• **Description of the task**
From the line with "New Rene Caovilla" to the line with "New with box.", retype every line exactly, including those two, and leave out the rest of the data below.

• **Records shown**
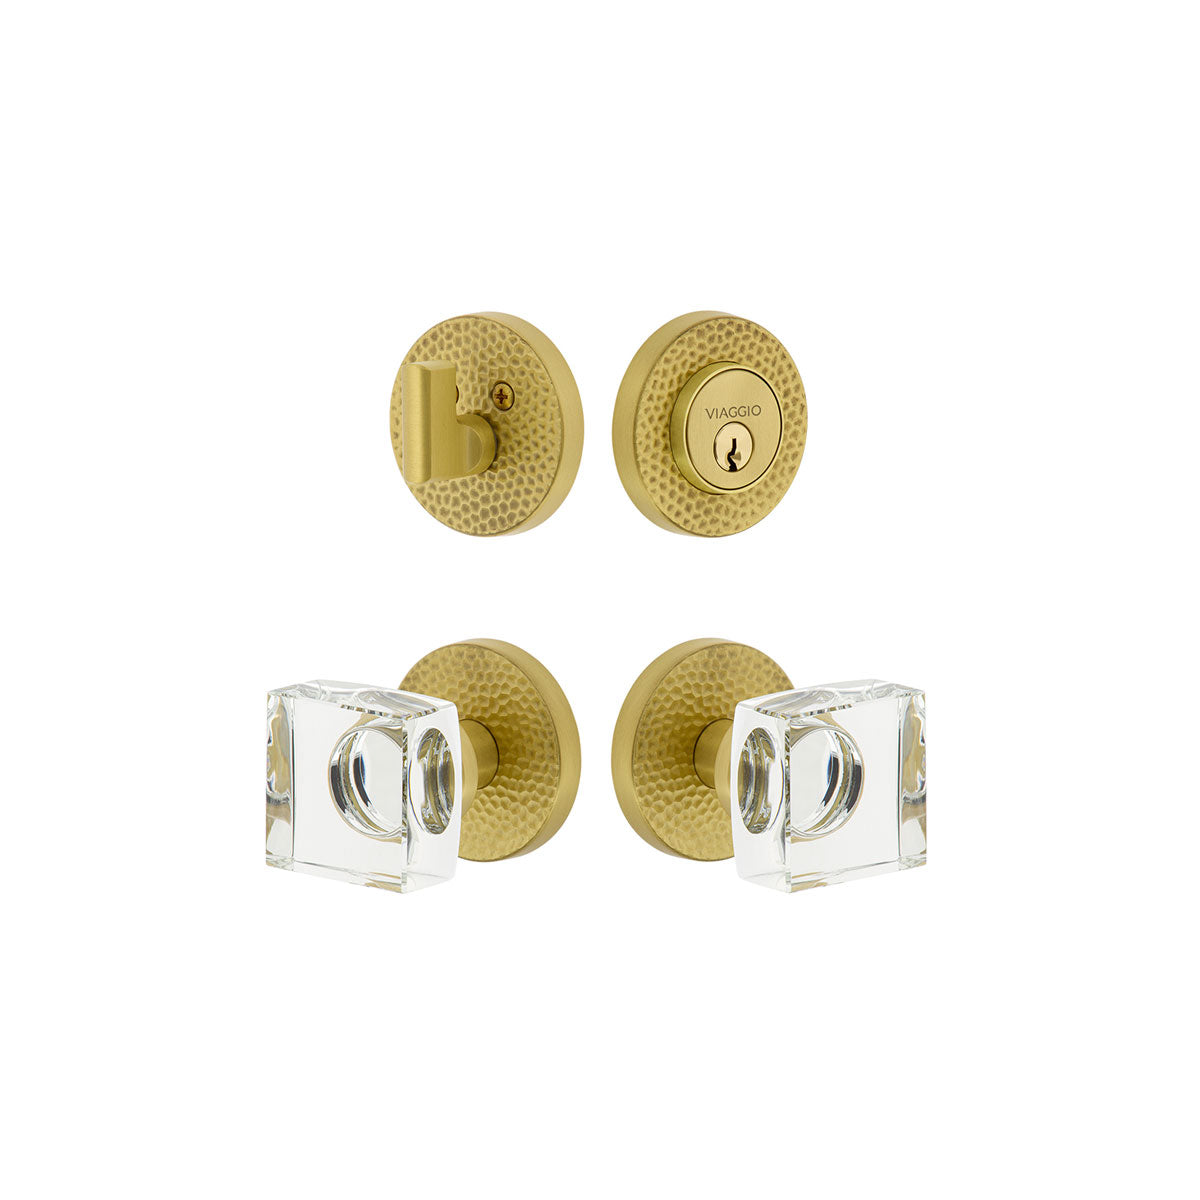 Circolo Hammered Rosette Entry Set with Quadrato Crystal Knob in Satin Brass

--

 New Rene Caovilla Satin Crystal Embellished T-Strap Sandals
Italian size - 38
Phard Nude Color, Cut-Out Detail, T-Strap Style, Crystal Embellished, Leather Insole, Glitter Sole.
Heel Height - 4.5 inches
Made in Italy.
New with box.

...

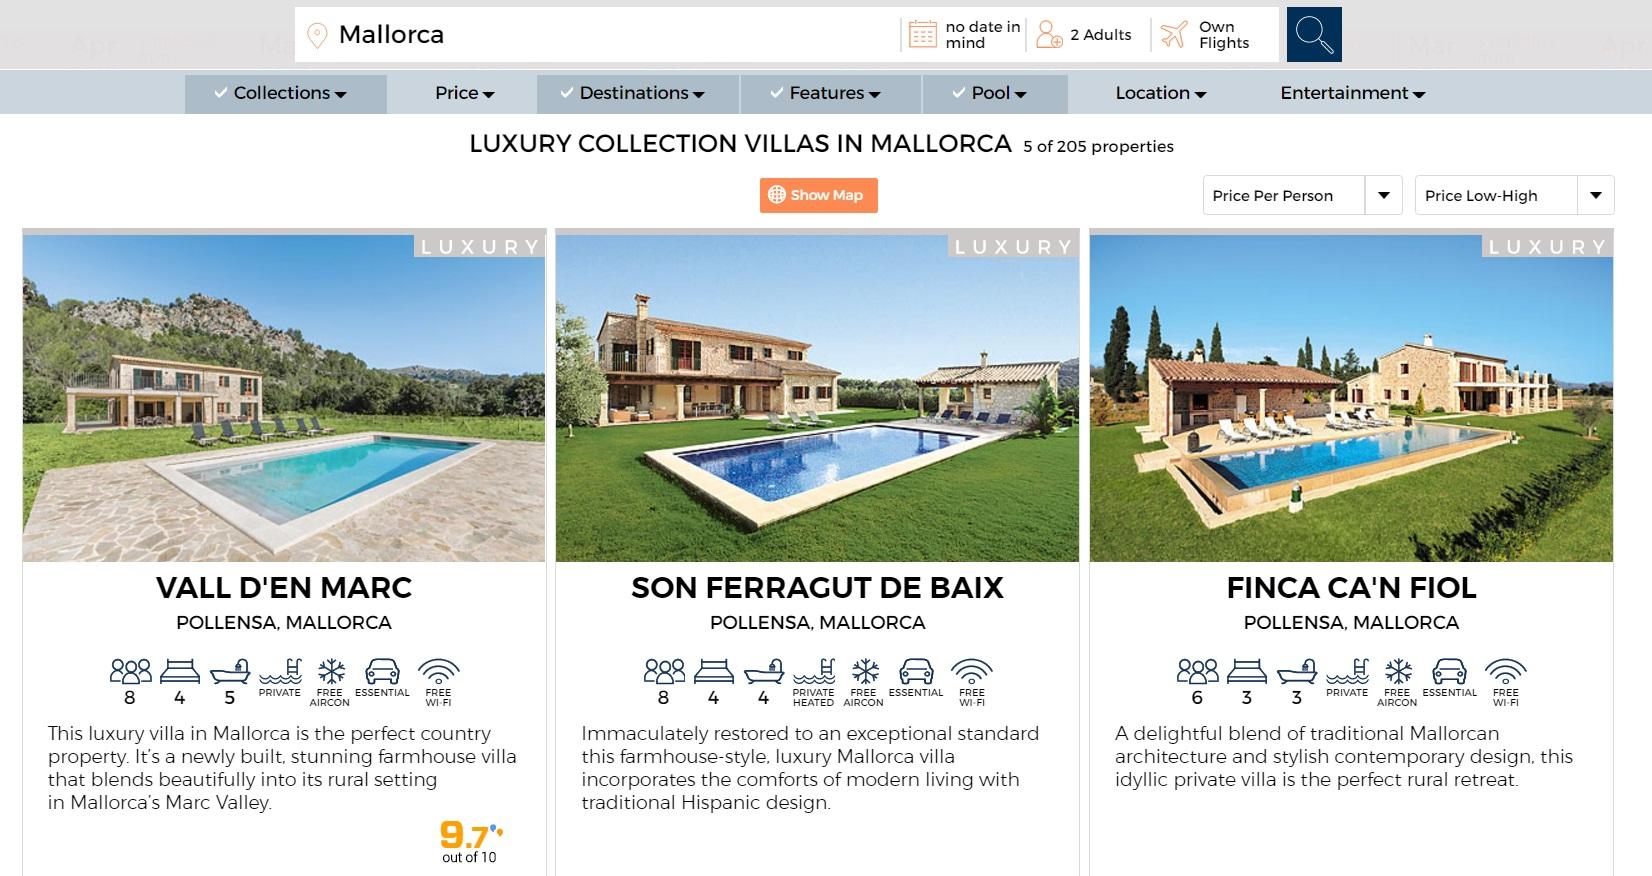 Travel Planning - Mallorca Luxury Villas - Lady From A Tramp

• **Answer space**
 New Rene Caovilla Satin Crystal Embellished T-Strap Sandals
Italian size - 38
Phard Nude Color, Cut-Out Detail, T-Strap Style, Crystal Embellished, Leather Insole, Glitter Sole.
Heel Height - 4.5 inches
Made in Italy.
New with box.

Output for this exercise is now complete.